(Dataset entries)

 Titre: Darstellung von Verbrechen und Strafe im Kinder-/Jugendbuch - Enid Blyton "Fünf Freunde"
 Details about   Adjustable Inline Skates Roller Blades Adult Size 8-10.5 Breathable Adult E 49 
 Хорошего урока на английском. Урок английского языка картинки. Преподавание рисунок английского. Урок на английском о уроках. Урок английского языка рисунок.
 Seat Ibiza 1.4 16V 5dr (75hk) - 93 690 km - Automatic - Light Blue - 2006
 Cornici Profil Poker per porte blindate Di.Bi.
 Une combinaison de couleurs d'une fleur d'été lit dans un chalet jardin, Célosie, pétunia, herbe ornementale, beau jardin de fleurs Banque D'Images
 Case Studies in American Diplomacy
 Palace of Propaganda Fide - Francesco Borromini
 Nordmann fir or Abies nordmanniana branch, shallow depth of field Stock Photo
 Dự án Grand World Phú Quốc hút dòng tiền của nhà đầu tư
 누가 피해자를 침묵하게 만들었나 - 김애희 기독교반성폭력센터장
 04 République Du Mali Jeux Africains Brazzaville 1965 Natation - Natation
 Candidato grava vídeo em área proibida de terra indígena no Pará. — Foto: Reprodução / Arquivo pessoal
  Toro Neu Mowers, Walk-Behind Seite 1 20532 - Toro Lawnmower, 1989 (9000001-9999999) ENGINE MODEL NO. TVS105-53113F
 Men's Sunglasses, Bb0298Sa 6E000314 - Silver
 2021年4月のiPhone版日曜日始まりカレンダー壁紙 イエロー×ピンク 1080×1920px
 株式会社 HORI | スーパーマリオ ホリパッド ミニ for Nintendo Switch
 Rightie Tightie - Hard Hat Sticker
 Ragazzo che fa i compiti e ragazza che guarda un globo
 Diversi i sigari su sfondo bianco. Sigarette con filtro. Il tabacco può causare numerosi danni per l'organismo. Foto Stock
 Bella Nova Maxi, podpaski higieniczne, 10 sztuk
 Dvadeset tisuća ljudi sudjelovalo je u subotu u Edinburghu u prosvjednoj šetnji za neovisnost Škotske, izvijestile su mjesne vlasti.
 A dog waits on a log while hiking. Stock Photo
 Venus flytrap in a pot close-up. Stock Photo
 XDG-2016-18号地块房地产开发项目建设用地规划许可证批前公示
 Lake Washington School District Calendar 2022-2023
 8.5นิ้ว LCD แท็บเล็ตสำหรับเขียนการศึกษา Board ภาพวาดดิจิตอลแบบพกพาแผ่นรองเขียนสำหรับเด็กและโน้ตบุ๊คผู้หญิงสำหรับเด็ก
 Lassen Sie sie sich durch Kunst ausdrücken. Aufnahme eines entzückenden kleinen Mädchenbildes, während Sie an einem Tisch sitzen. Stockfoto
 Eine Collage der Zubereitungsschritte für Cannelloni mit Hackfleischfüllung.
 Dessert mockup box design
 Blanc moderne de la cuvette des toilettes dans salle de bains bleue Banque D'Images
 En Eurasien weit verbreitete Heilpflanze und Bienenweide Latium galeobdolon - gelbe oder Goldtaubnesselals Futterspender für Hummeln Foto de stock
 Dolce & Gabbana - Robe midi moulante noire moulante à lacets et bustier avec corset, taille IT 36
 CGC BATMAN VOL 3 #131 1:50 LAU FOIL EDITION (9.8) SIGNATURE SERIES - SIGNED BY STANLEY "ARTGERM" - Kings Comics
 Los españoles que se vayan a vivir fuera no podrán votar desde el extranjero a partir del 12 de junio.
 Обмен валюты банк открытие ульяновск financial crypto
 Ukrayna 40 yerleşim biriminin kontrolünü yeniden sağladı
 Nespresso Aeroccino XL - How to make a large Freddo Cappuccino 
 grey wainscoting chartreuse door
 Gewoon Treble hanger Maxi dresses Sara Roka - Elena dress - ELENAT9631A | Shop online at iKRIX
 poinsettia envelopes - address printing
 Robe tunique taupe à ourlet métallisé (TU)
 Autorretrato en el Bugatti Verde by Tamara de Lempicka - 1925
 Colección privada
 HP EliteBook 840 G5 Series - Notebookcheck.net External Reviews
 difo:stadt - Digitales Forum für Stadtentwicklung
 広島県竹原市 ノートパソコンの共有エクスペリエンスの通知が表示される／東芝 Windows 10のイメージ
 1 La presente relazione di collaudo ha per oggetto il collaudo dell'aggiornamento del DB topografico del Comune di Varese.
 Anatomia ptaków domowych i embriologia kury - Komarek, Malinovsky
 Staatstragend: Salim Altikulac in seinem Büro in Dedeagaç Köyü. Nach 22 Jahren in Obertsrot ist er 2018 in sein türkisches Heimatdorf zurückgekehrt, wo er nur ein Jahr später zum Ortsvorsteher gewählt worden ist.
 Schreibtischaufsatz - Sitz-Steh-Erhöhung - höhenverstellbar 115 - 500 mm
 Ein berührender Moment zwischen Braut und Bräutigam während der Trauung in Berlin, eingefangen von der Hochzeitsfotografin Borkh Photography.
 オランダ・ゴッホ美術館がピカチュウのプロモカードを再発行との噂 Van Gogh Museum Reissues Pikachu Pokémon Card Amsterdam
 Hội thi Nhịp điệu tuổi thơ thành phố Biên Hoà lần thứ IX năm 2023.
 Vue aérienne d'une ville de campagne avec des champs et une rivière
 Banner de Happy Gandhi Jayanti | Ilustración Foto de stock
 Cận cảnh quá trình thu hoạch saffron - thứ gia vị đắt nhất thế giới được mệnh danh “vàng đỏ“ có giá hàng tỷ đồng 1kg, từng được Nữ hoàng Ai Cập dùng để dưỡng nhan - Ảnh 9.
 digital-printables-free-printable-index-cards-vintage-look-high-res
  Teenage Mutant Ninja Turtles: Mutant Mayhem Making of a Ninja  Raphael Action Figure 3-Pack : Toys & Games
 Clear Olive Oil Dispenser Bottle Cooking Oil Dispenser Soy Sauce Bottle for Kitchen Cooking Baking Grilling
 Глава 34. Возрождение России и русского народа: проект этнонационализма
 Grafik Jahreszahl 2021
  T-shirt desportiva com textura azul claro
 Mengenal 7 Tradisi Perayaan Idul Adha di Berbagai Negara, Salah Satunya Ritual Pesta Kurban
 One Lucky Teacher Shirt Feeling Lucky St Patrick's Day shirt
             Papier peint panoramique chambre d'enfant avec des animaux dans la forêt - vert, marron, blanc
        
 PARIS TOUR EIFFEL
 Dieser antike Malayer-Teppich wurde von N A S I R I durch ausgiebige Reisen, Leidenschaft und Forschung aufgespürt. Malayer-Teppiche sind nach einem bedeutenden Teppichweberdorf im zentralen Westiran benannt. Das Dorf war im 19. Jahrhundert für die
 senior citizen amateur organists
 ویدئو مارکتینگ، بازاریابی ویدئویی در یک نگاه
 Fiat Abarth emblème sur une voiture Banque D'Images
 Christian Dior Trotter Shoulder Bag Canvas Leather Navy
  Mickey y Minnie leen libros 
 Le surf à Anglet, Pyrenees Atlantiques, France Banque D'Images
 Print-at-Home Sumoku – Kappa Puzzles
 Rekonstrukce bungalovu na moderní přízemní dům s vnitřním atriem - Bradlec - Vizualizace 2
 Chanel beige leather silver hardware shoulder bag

» **YOUR GOAL**: Reproduce exactly the entries above, limited to the lines from the one with "Schreibtischaufsatz - Sitz-Steh-Erhöhung" through the one with "Hội thi Nhịp", both included.

» **ANSWER TO THE PROBLEM**:
 Schreibtischaufsatz - Sitz-Steh-Erhöhung - höhenverstellbar 115 - 500 mm
 Ein berührender Moment zwischen Braut und Bräutigam während der Trauung in Berlin, eingefangen von der Hochzeitsfotografin Borkh Photography.
 オランダ・ゴッホ美術館がピカチュウのプロモカードを再発行との噂 Van Gogh Museum Reissues Pikachu Pokémon Card Amsterdam
 Hội thi Nhịp điệu tuổi thơ thành phố Biên Hoà lần thứ IX năm 2023.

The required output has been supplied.